With Ben Simmons out indefinitely, don’t expect the Sixers to feel too badly for the Celtics suffering an injury. Gordon Hayward will miss approximately four weeks with a Grade III right ankle sprain, the team announced Tuesday.
While Boston losing Hayward may not be enough to swing the series in the Sixers’ favor, it will make a sizeable impact. Hayward averaged 17.5 points a game during the regular season and his presence as a perimeter scorer made for some difficult decisions for Brett Brown defensively.
In Game 1, Brown opted to keep Al Horford in the starting lineup. It didn’t go well. Horford was a minus-18 and had trouble defending Jaylen Brown, who scored 29 points.
“I watched the game slowly, studying Al and obviously others,” Brown said Tuesday. “Jaylen Brown had a great game. I think he is in general a difficult matchup for anybody. And so defensively, I put [Horford] in a situation that does have some punishment when you’re trying to guard such an athlete like Jaylen Brown. We hope as the team we can help Al more in that environment.”
What the Celtics do next could affect Horford in a few different ways. The logical move for Boston would seem to be putting Marcus Smart in the starting lineup. The domino effect for the rest of the Celtics’ rotation could be a little trickier.
If head coach Brad Stevens decides to use rookie Grant Williams — who played two minutes in Game 1 — or Semi Ojeleye to take Hayward’s minutes, that could play to Horford’s advantage. Boston playing “big” with a more traditional four in either Williams or Ojeleye presents Horford with a much easier defensive assignment.
Seeing the advantage of playing small against Horford, Stevens could look to extend Brad Wanamaker’s minutes. The Philly native is the Celtics’ backup point guard. Perhaps Stevens could play Wanamaker more and use Walker more in an off-ball role. Having two players under 6-foot-4 on the court could hurt Boston defensively, but they’d still be putting Horford in a bind.
The Sixers are somewhat in wait-and-see mode. Which direction the Celtics go, both in the starting lineup and to make up for Hayward’s minutes in general, will affect them.
“I think two ways come to my mind first,” Brown said Tuesday. “One, who will inherit that starting position because it may influence what we do as far as how we start the game. I think everyone saw where the lion’s share of the defensive minutes were distributed to [Jayson] Tatum and to Kemba Walker, but that’s the first thing.
“Then secondly, trying to get out in front of projecting, ‘what does that mean?’ You would assume Marcus Smart, as an example, will have far more responsibilities, minutes, those types of things. And so just trying to look out a little bit further on both the starting lineup and what impact, the ripple effect that is going to have on others.”
Both Josh Richardson and rookie Matisse Thybulle were solid defensively Monday. Richardson had better luck with Walker than Tatum, who had a game-high 31 points. It makes sense when you consider the success Richardson had against Walker in the regular season.

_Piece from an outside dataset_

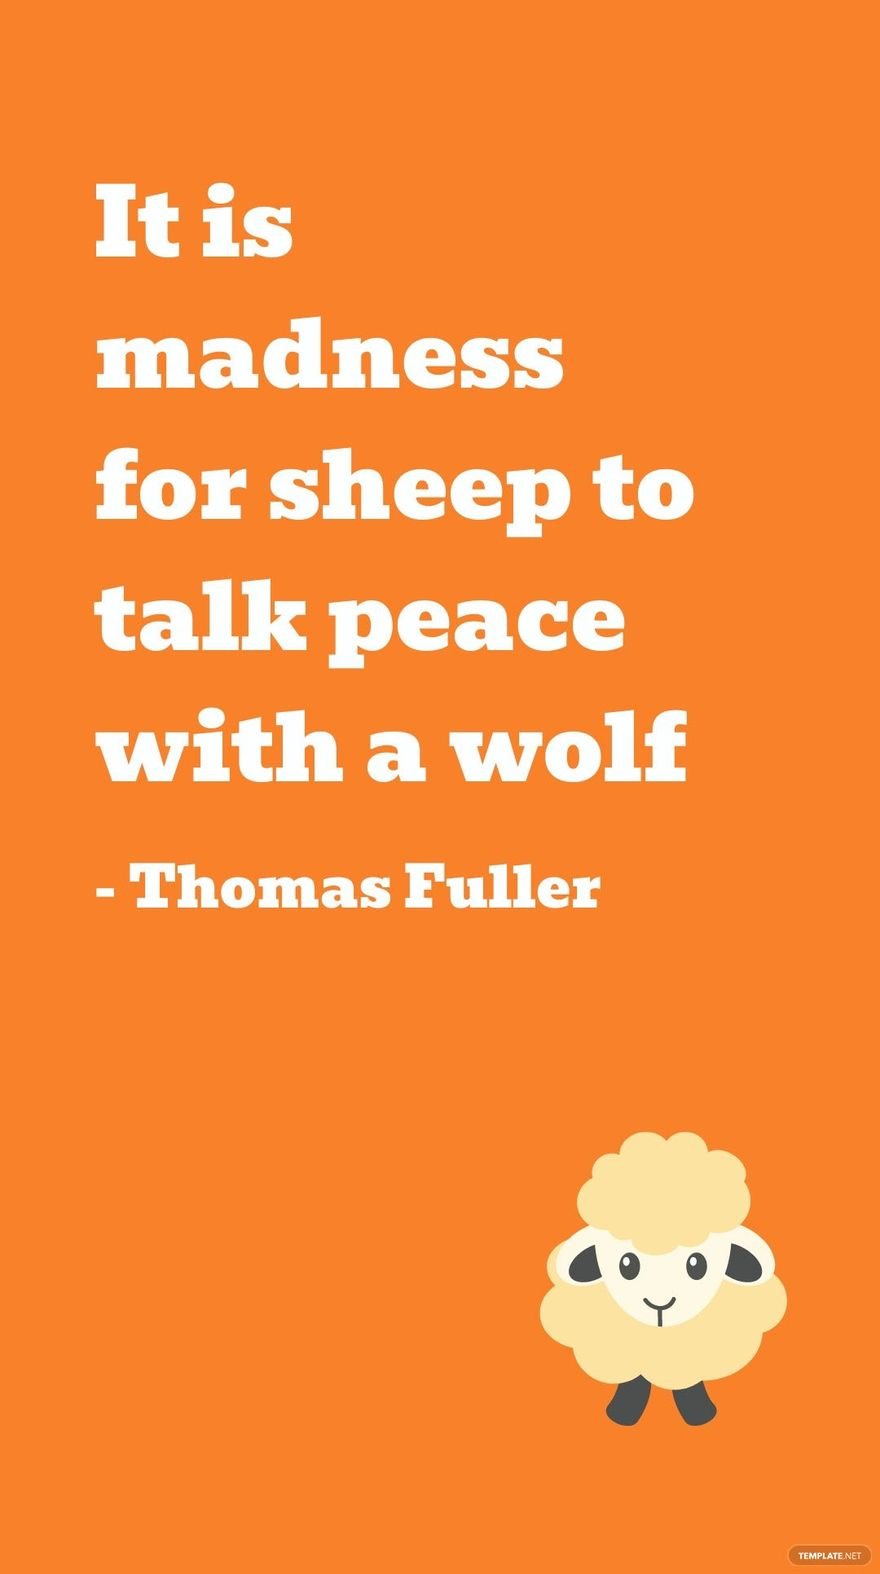 Thomas Fuller - It is madness for sheep to talk peace with a wolf

Brown admitted before Game 1 that he considered starting Thybulle instead of Horford. Thybulle had a strong postseason debut, holding Tatum to 2 of 9 shooting for four points during his time guarding the first-time All-Star.
But could Thybulle replace Horford in the starting lineup if the Celtics stay small by replacing Hayward with Smart?
“I think at that point, it’s all on the table,” Brown said. “I’m influenced by and large with just trying to match minutes. I thought Matisse did a great job, I thought J-Rich was J-Rich, and we need them to be elite defensively on those two great scorers. So anything’s on the table once we learned this Gordon Hayward news.”
The Sixers missing Simmons, a likely All-Defensive Team pick, clearly hurt them against Boston’s dynamic and smaller lineup. The loss of Hayward could help the Sixers match up better and make Horford a more viable option at the four.